The unique behavior of Thr-44 was recorded together with the SMR domain residues for the homology model (Table 4). Subsequent MD was performed and the pocket data measurements were now recorded for the SMR amino acid residues and the Thr-44 residue (Fig. 7a). For the wild type Nef SMR, five putative binding pockets were generated by the software MOLEGRO, of which only one was in proximity to the amino acid residues of the SMR as calculated by distance measurements taken from the calculated core of the pocket. The results which are displayed as a function of the measured distance from the putative pocket center, show that for the original homology model, Pro-69 and Val-66 are the closest to the center (8 Å) followed by Gly-67 (9 Å) and Thr-44 , Phe-68 and Val-70 , all at 12 Å.
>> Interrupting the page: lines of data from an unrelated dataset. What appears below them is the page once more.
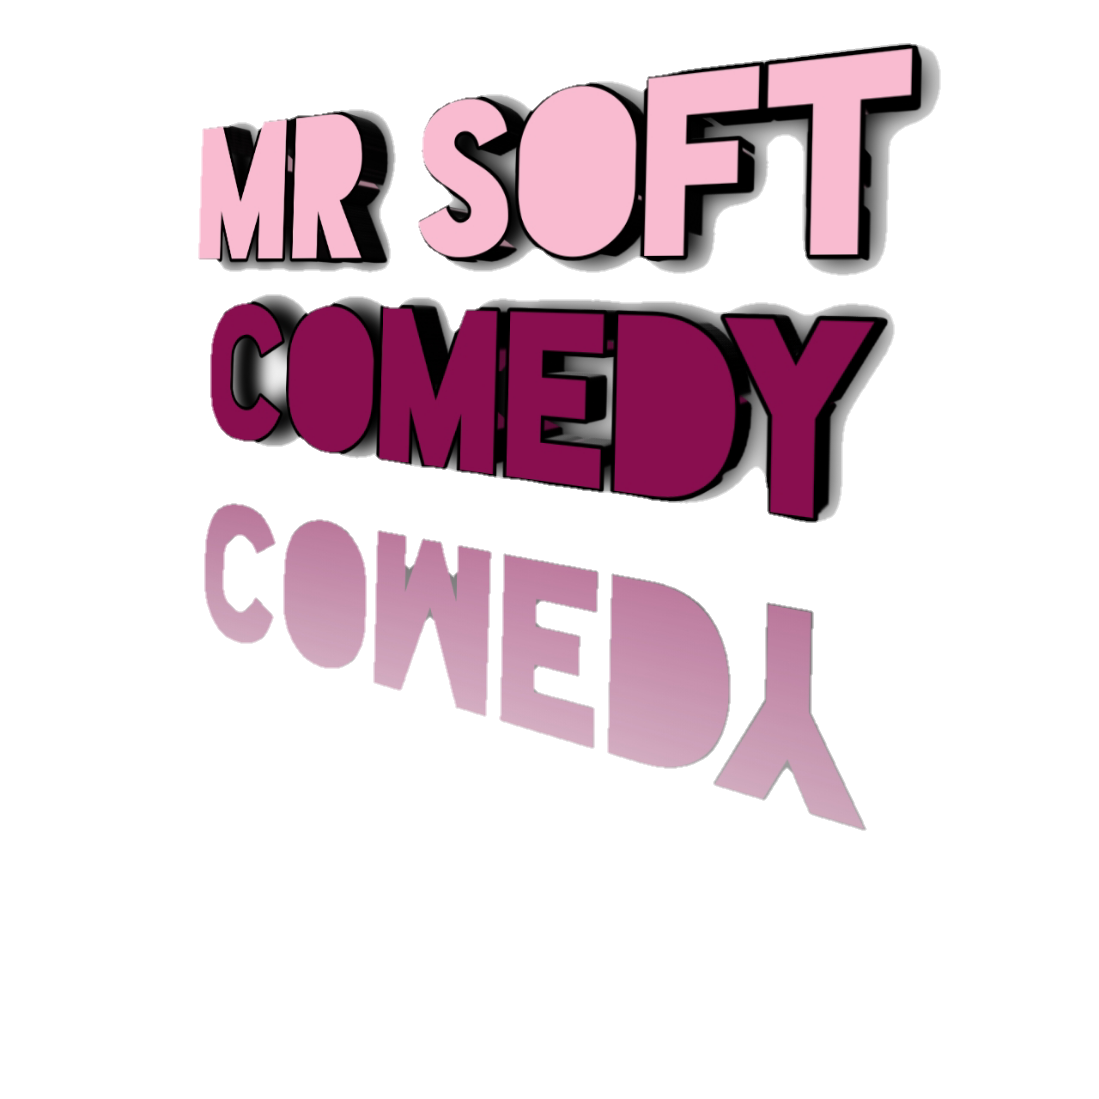 mr.soft.comedy Post free event in Nigeria using tickethub.ng, buy and sell tickets to event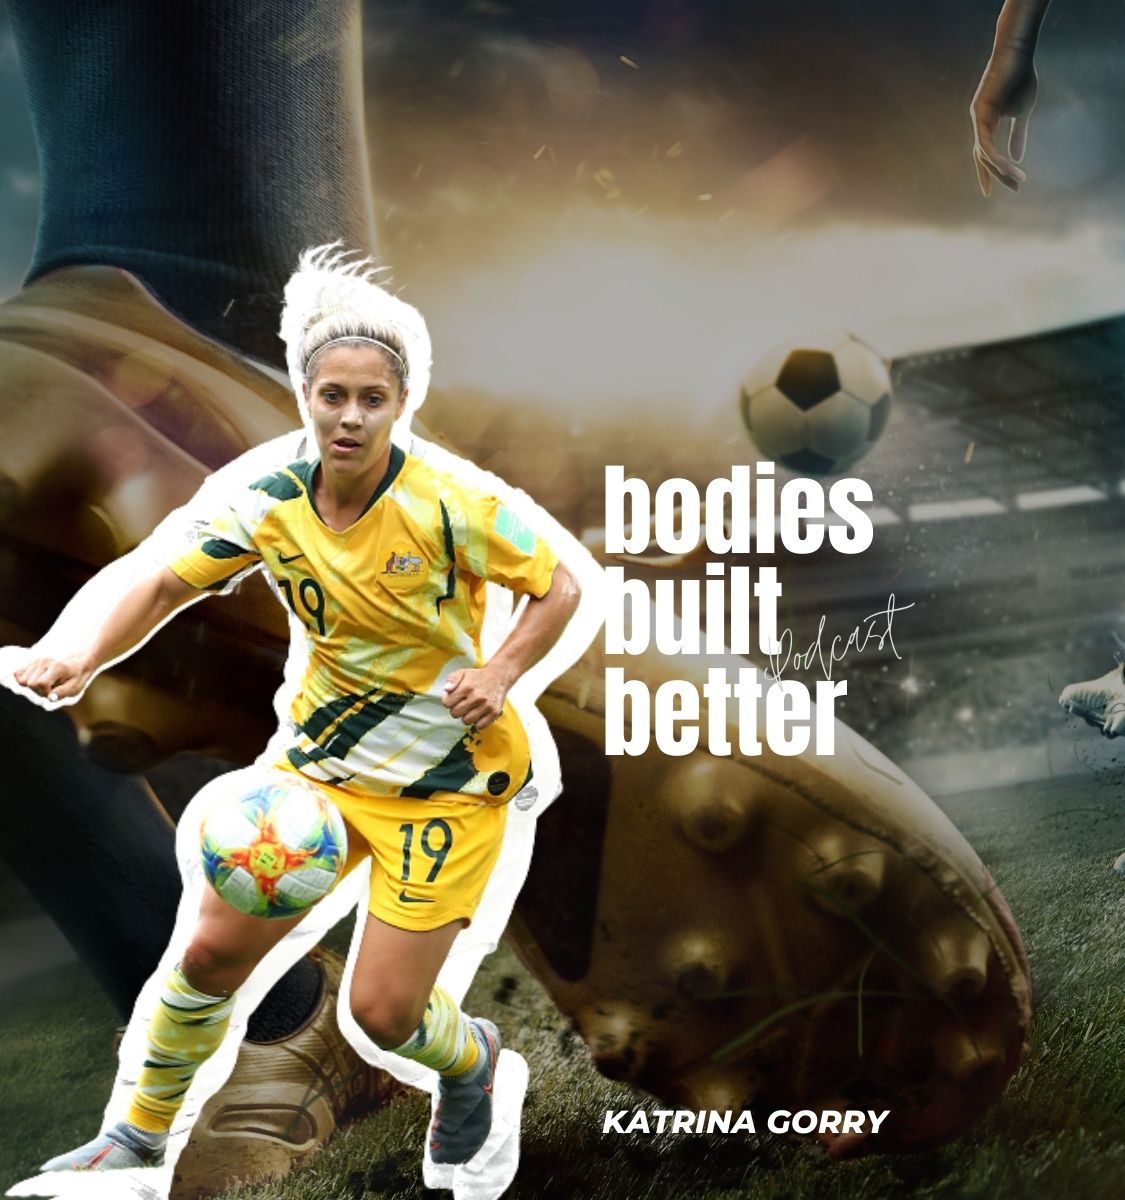 Kicking for Gold! TG chats with soccer star Katrina Gorry – Total Girl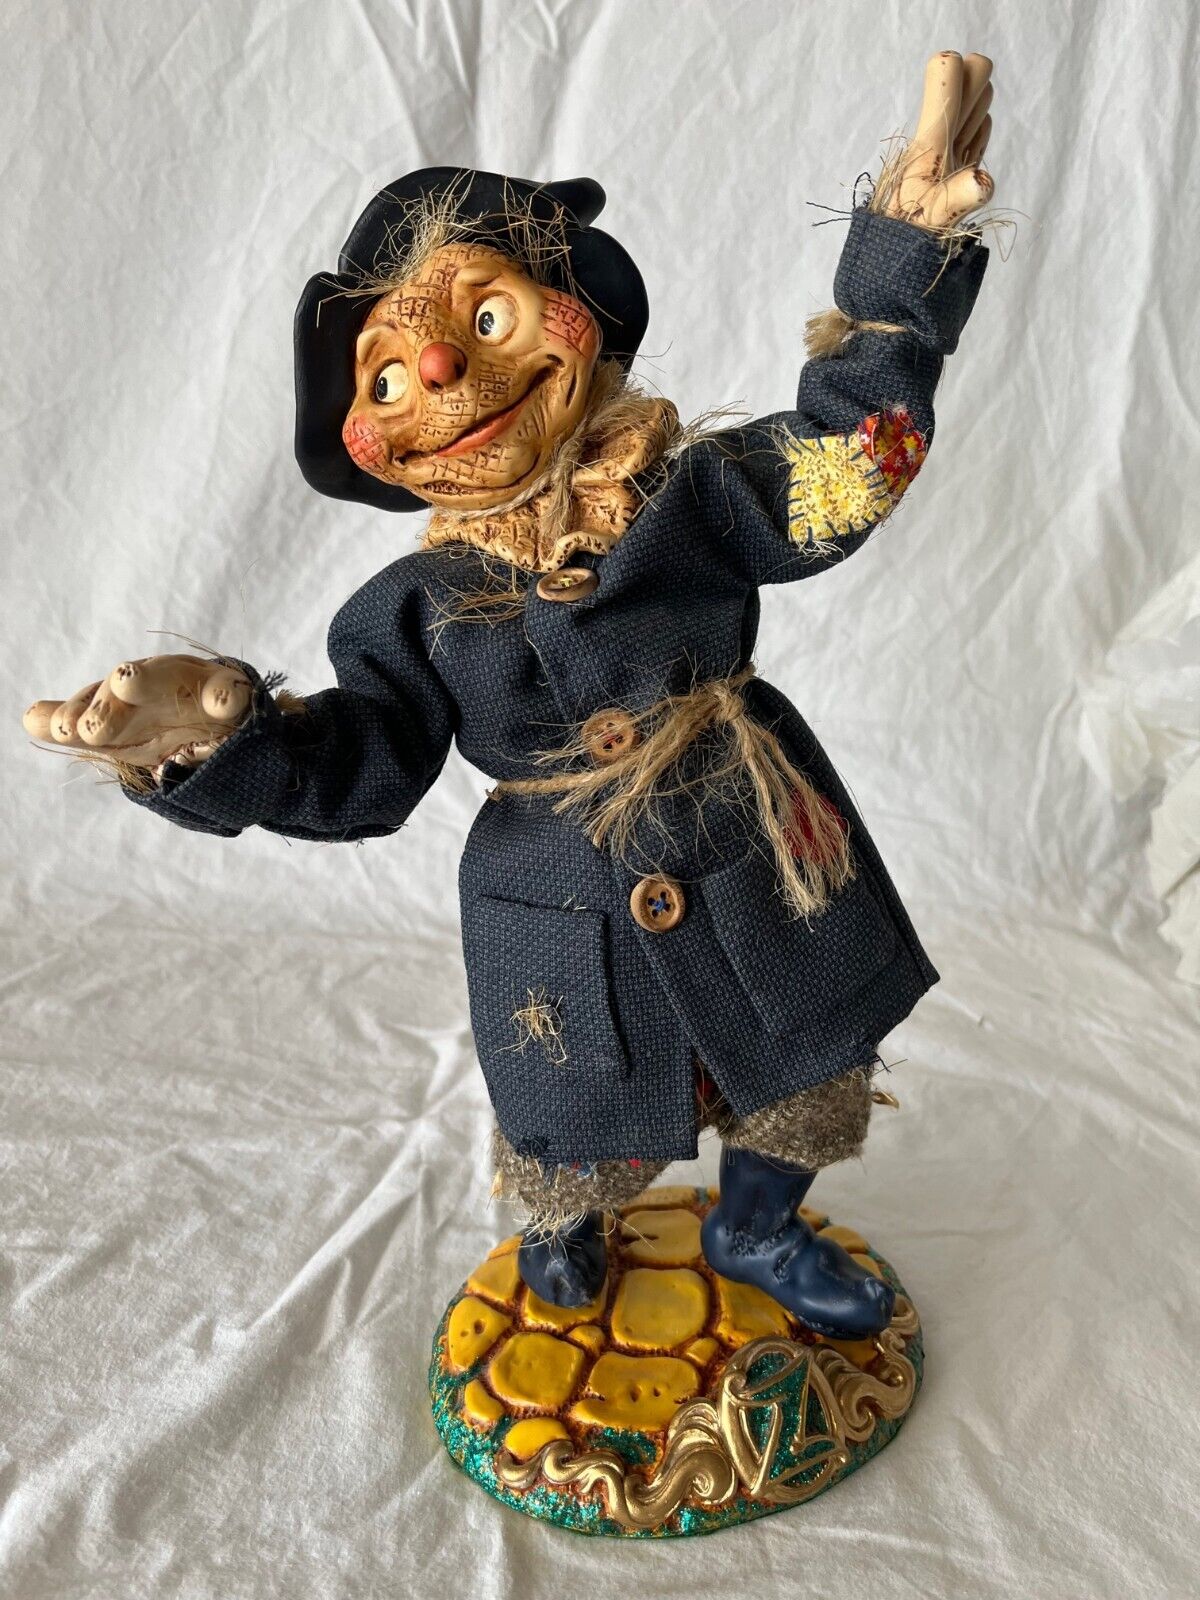 Simpich RARE Character Doll Wizard Of Oz The Scarecrow Limited Edition #242/1200

Of the following MD snapshots taken at 10 ns, 30 ns and 50 ns, Val-66 is always closest to the center of the putative pockets on the 3D image generated for each time phase. The SMR motif amino acid residue Gly-67 is always second to Val66 at times 10, 30 and 50 ns. One of the other SMR residues, Phe-68 , (tied for fourth out of five in the ranking of distance from the center of the binding site at time t = 0 ns) is third in distance measured from the core of the pocket at t = 10 ns, but is beyond the cutoff point of 20 Å in both measure times of t = 30 ns and 50 ns respectively. Pro-69, which was closest to the core of the pocket at time t = 0 ns, is fourth out of five in the distance ranking at time t = 10 ns, further than 20 Å at t = 30 ns, and furthest away from the three qualifying aa for time t = 50 ns. On the other hand, Val-70 is furthest away from the core at time t = 0 ns and 10 ns, while its distance at times t = 30 ns and t = 50 ns is beyond the 20 Å cutoff point.
These results indicate the importance of Val-66 and Gly-67 in the SMR domain, as they were present in each of the four time points of MD sampling (time t = 0 ns, 10 ns, 30 ns, 50 ns). With the one exception of Gly-67 at t = 10 ns, these two SMR amino acid residues consistently ranked first and second in proximity to the core of the putative proximally located SMR pocket. Of the two, Val-66 would be considered the more important due to its consistent location closer to the center of the putative pocket in all time frames under examination. While Pro-69 ranked consistently lower compared with Phe-68, the fact that it appeared closer to the center of the pocket at time t = 50 ns (which represents a more stable thermodynamic structure than at time t = 30 ns), would give it a rank just ahead of Phe-68. Residue Val-70 would be the next in importance relative to its distance location from the putative binding pocket. Based on these data obtained from the binding pocket measurements, a listing of SMR residues from highest to lowest importance would thus be Val-66, Gly-67, Pro-69, Phe-68 and Val-70. As a result of its closer distance to the putative core at increasing thermodynamically-stable times of 30 ns and 50 ns, Thr-44 would rank ahead of Val-66 in importance.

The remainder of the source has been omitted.